Wednesday 2 January 2008

Australian soccer is a step back in time

ON my first night in Sydney nine years ago I spent two hours in a club with my mate trying to work out which of the women we were talking to at the bar were actually transvestites.
On my last Saturday night in Sydney, nine years ago, I spent the evening asleep on a bench at the airport waiting for a Sunday morning flight home as a security guard paced up and down beside me.
And I’ve got to say that both experiences were probably better than my latest Saturday night in Sydney watching the city’s football team.
Sydney FC, in fifth place, were taking on eighth and bottom place Perth Glory in the Hyundai A-League. Australia’s top flight has been through one of those oh-so common sports rebrandings – the local newspaper refers to the teams as franchises, the teams have new names and colours and before the match there’s even a reminder over the PA system to get your entries in for the clubs new nickname competition.
But the A-League is more like the Z-League when it comes to football. And the atmosphere at the Sydney Football Stadium is a little odd too.
When I last visited Australia in 1998 I actually watched Sydney, then called Sydney United, in action against Brisbane Strikers. The match was also a Saturday night, pre-pub kick-about, the fans were mainly ex-pats in their 40s and 50s wearing Celtic and Leeds shirts and the football was combative to say the least.
Now though the game is all about diving and pushing and shoving – all niggly fouls and ‘not me ref’ incidents.
I spent the match in The Cove – an area behind one of the goals reserved for the real hardcore fans. Though such is the nature of hardcore fans in Sydney that I was able to pay 18 dollars (eight pounds) for my ticket on the intenet. Games rarely sell out here.
The Cove is full of the sort of Australians we always wanted to send out of our country – beer drinking, overweight, raucous and some truly dreadful hair.
If you thought the mullet went out of fashion with Hoddle and Waddle in 1987, think again. Twenty years on there are mullets galore here.
The fans in The Cove whip each other up into a frenzy with their songs straight off the terraces of England in the early 70s.
Their central defender Mark Rudan is off to join former Sydney boss Pierre Littbarski at Avispa Fukuoka in Japan and as this is his last game, the home crowd are keen to recite their little ditty for him:
“Mark Rudan is a big blue man/Get past him if you f**kin’ can/Try a little trick/He’ll make you look a dick/He’s big Mark Ru-dan”
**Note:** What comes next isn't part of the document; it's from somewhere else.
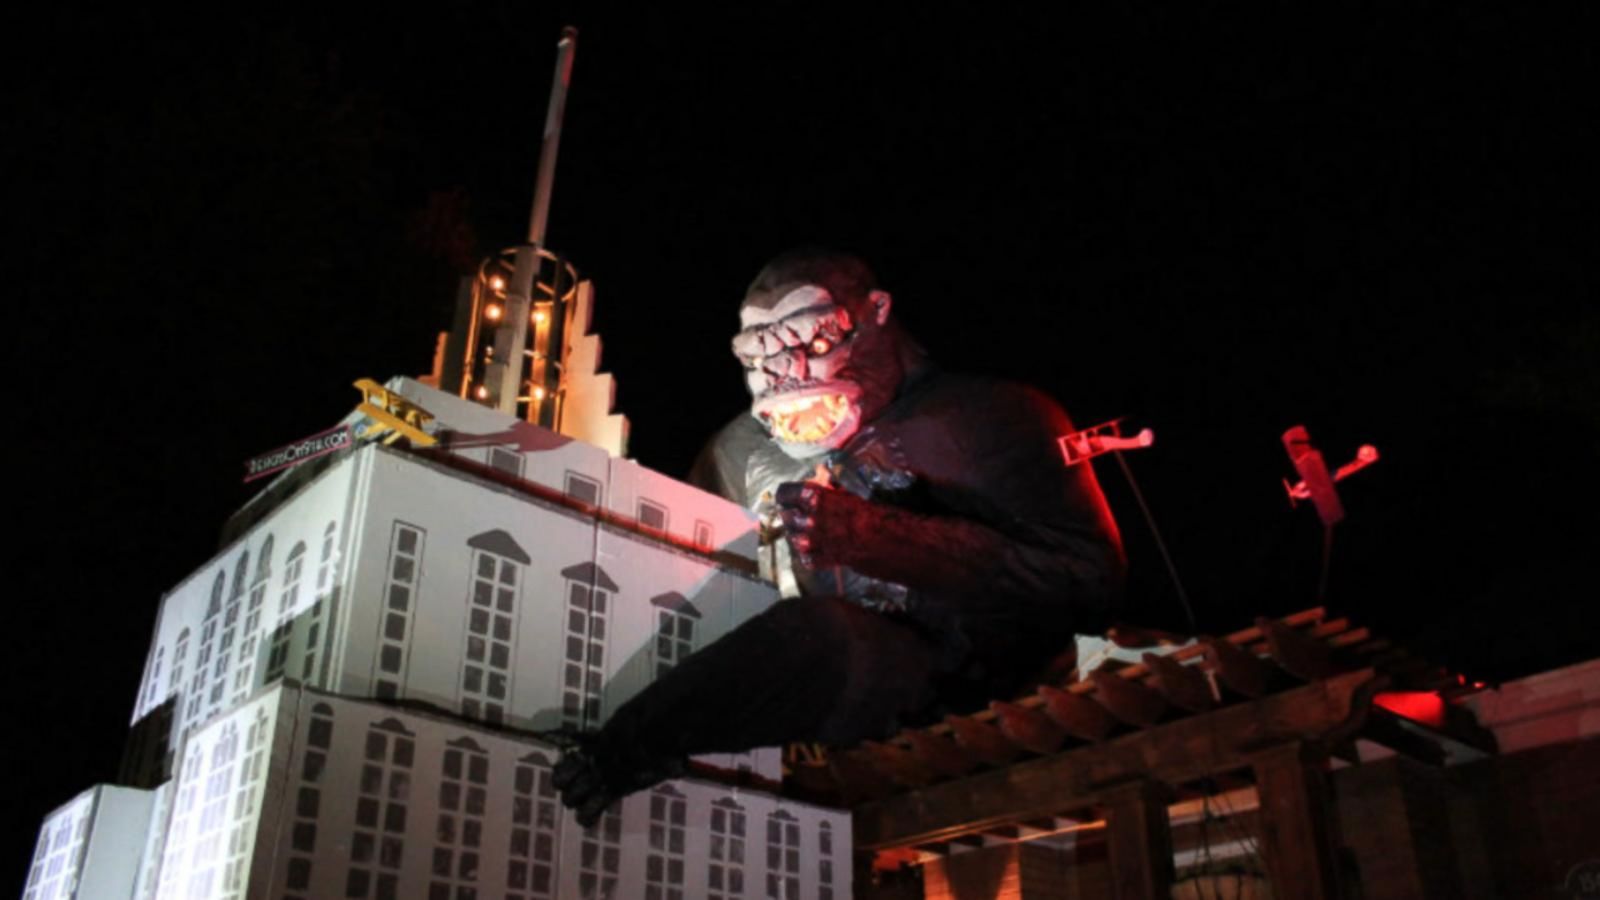 Man builds massive King Kong display in yard for Halloween - Good Morning  America

Most of the chants are of a dreadful throwback nature – United We Stand, Hey Jude, Nick Nack Padywack – I mean which credible football fans in 2007 would chant “Give a dog a bone”?
Sydney play in a kit similar to Wycombe Wanderers and the standard of football is pretty much like watching Wycombe despite the fact there are five players on the pitch who have played in England.
Sydney’s star man is former Middlesbrough striker Juninho but he doesn’t play tonight. By the time the teams take to the field Hayden Foxe (ex West Ham), Tony Popovic (Crystal Palace), Steve Corica (Wolves), Nicky Rizzo (Liverpool) and most curiously, Michael Bridges are in the respective line-ups.
Most of the players in the A-League are mid thirty-something former Socceroos – John Aloisi is probably the star name in the league at the moment.
As for Bridges, still only 29, the former Leeds and Sunderland man signed from Hull City in August forms a three-strong attack with Corica and rising star Alex Brosque, who is being watched in the crowd by new national boss Pim Verbeek.
Perth score twice late in the first half through Billy Celeski and soon after the break they are 3-0 up to the delight of their tiny contingent of visiting fans.
Steve Corica pulls one back straight away but by the time Michael Bridges slots in a 90th minute goal, Perth have scored again with Celeski completing his hat-trick and the game finishes 4-2 to the away team.
The football, to be honest, was shocking. – It’s easy to see how the standard of football in a nation like Australia drops when the best players are asleep in Europe waiting to play in the top flights in England, Scotland, Holland and Germany later that day.
But then football is way down most Australians list of sports they follow behind cricket, rugby, Aussie rules and surfing, so that may be why attending a match here feels like being in a timewarp.
Oh, and just to complete the retro feel to the whole occasion, a punch-up between two booze-fuelled Sydney fans breaks out just yards from me as the game draws to a close.
And to think just a few weeks ago Sydney beat David Beckham’s LA Galaxy 5-3 in the same stadium. It seems tonight the only thing worth beating was a path to the pub for a post-match pint.